Perhaps Walsh's shrewdest move since moving to New York was drafting Landry Fields out of Stanford with the 39th pick in last June's draft. Fields locked down a starting spot in the rotation out of training camp and now leads all guards in rebounding in the league. He was named Eastern Conference Rookie of the Month in both November and December.
In the summer he also signed 7'1 Russian center, Timofey Mosgov one of the top big men prospects in Europe and after struggling to look like an NBA player early in the season Mosgov has adjusted nicely to the speed of the game and added much needed size and length to the frontcourt and a presence on the boards.
Here is the Knicks' current roster: Amar'e Stoudemire, Raymond Felton, Danilo Gallinari, Wilson Chandler, Landry Fields, Timofey Mosgov, Toney Douglas, Ronny Turiaf, Bill Walker, Shawne Williams, Anthony Randolph, Kelenna Azubuike, Andy Rautins, Roger Mason Jr and Eddy Curry (financially speaking).
The oldest player on the roster is Stoudemire who is 28 and in his prime. Felton and Turiaf are both 27 and everybody else on the roster is 25 or younger. The roster also has depth at every position and the talent is complementary rather than redundant, a recurring theme in both the Layden and Isiah eras.
Most importantly the Knicks remain under the salary cap and with Eddy Curry's expiring contract due to come off the books this summer, Walsh has the Knicks in a position of strength.
Something that has gotten lost in the Carmelo saga has been how well Donnie Walsh has played his cards. He was never tempted to give up the farm even when the Nets looked to be closing in on Anthony. Instead he allowed the Nets to make a mockery of themselves in their desperate chase to land a star all the while knowing that the Knicks ultimately had the upperhand as long as Anthony stuck to his original desire to play in the Big Apple.
Everybody in the league knows that Melo wants to play in New York and that if he doesn't get traded their this year he'll simply sign in the offseason, something that is only possible because Walsh didn't rush to spend all of the franchise's cap space last summer.

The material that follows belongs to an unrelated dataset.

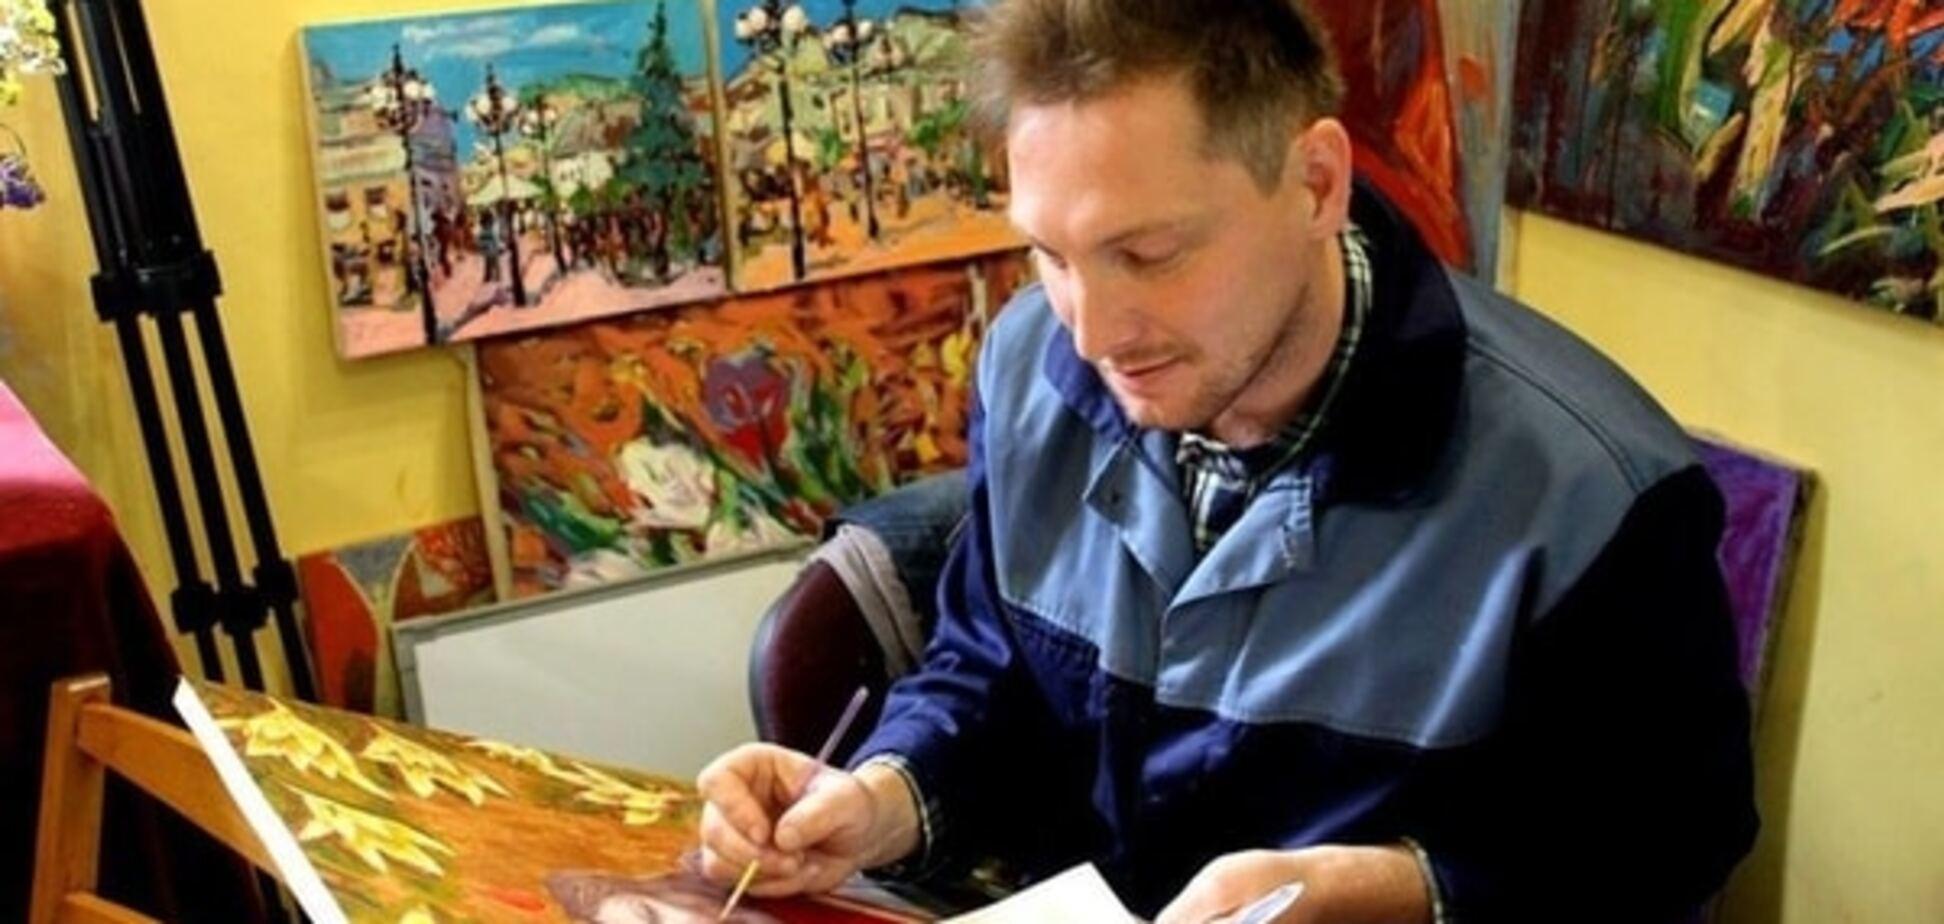 Борьба за жизнь: как тяжелобольные украинцы зарабатывают на лечение
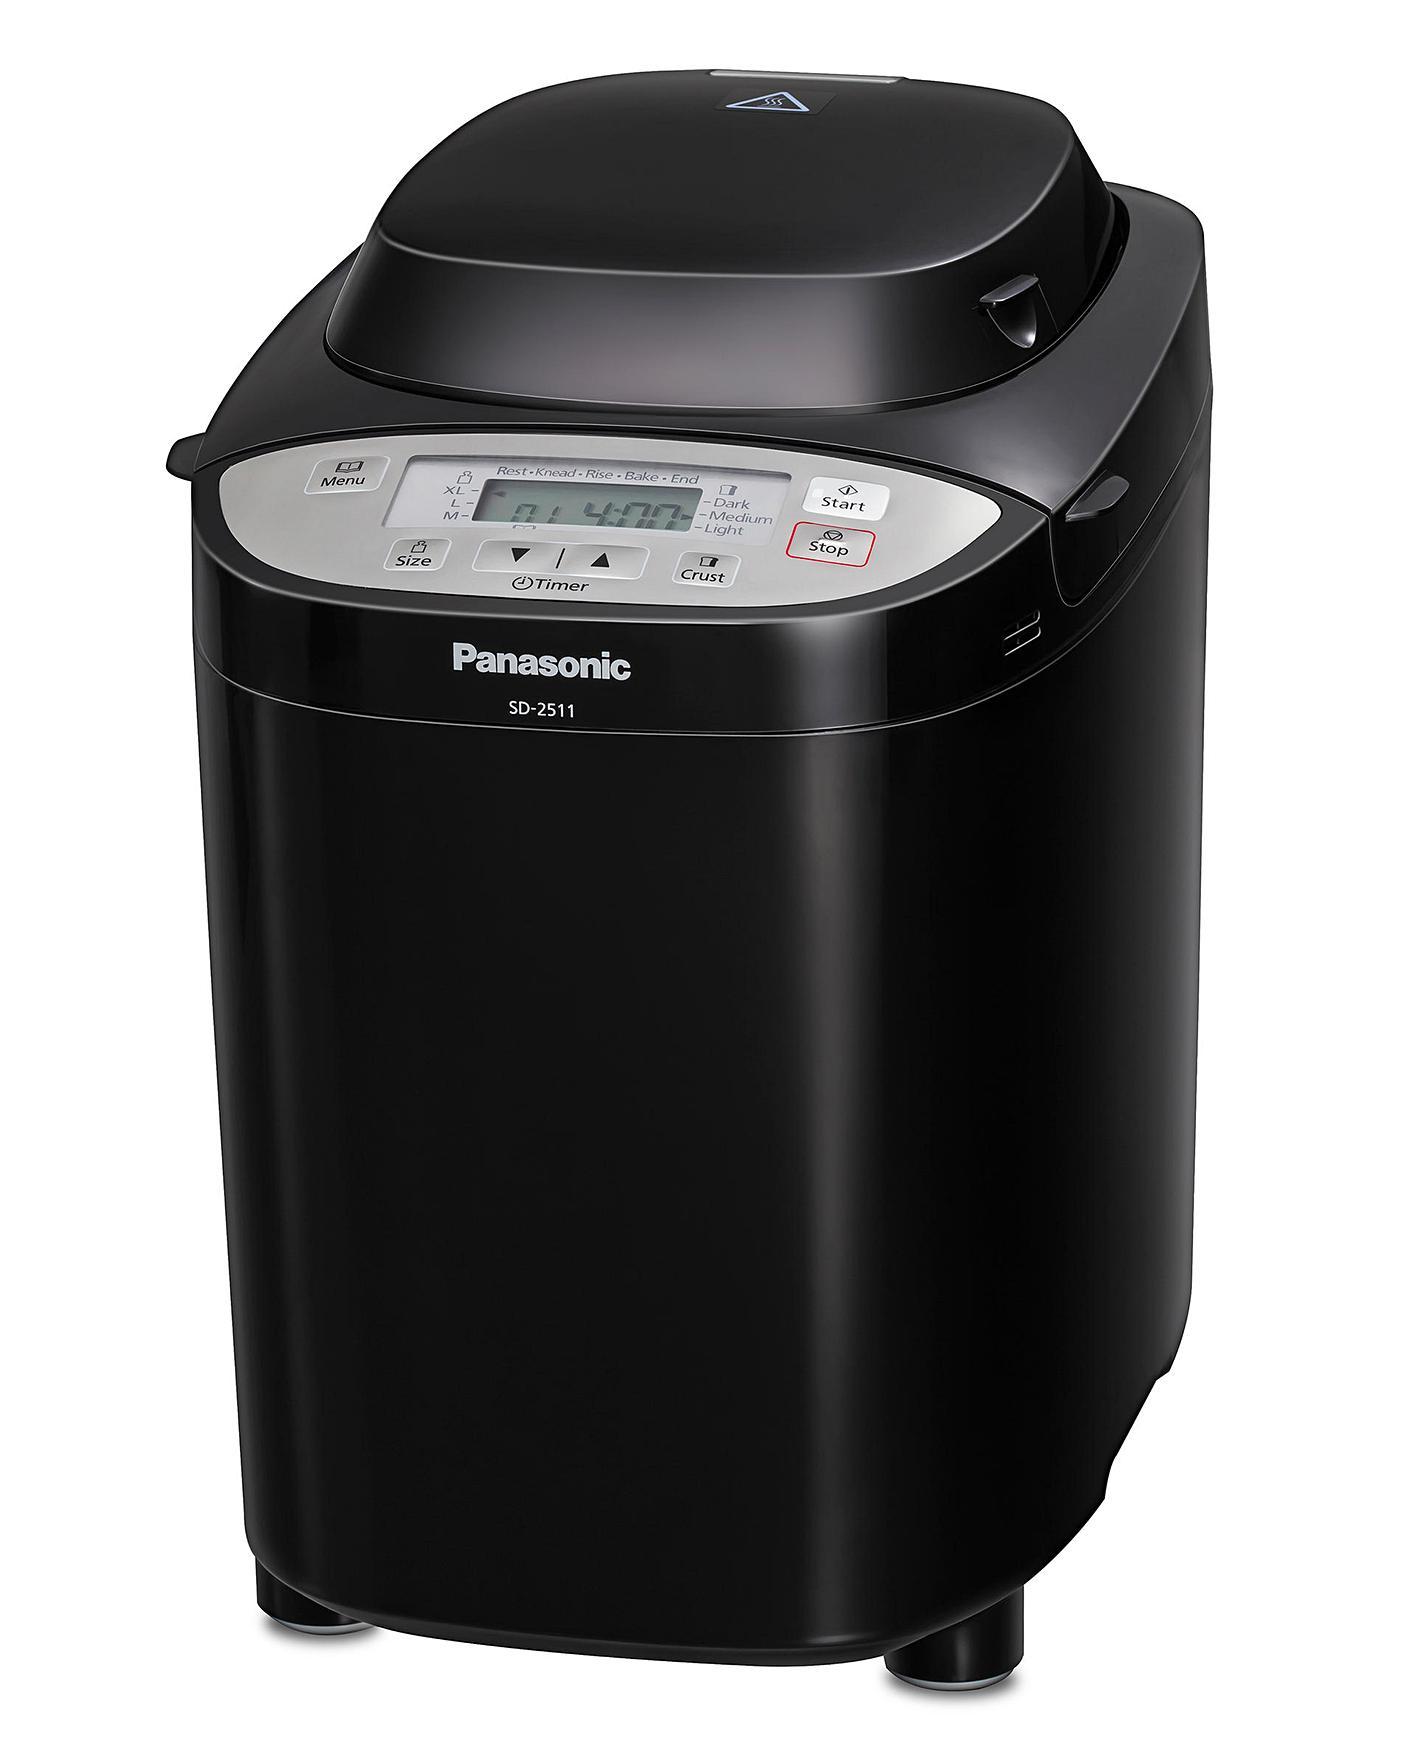 Panasonic SD2511 Black Breadmaker with Raisin and Nut Dispenser £127.40 at Ambrose Wilson

I wrote earlier in the season about my belief that the Knicks would be better off moving forward with their core rather than trading away all their assets for him. Well the Knicks have positioned themselves to acquire Carmelo for a price that is unlikely to rid them of either Fields or Gallinari, the two players that would complement a Carmelo-Stoudemire duo best.
There are a number of viable front office candidates on the market such as Kevin Pritchard or Tom Penn, but Walsh has done more than any of them in a career in the NBA that started in the 70's as an assistant coach to Larry Brown in Denver. Experience cannot be taught and in the high stress environment that comes with managing an NBA roster patience and calm are priceless virtues. These are all traits that Walsh has exhibited from Day 1 in New York.
Donnie Walsh deserves another year not because the Knicks are fighting this season for a lower seed in the East, but for how he has transformed a directionless, moribund franchise into one with a long-term goal and purpose.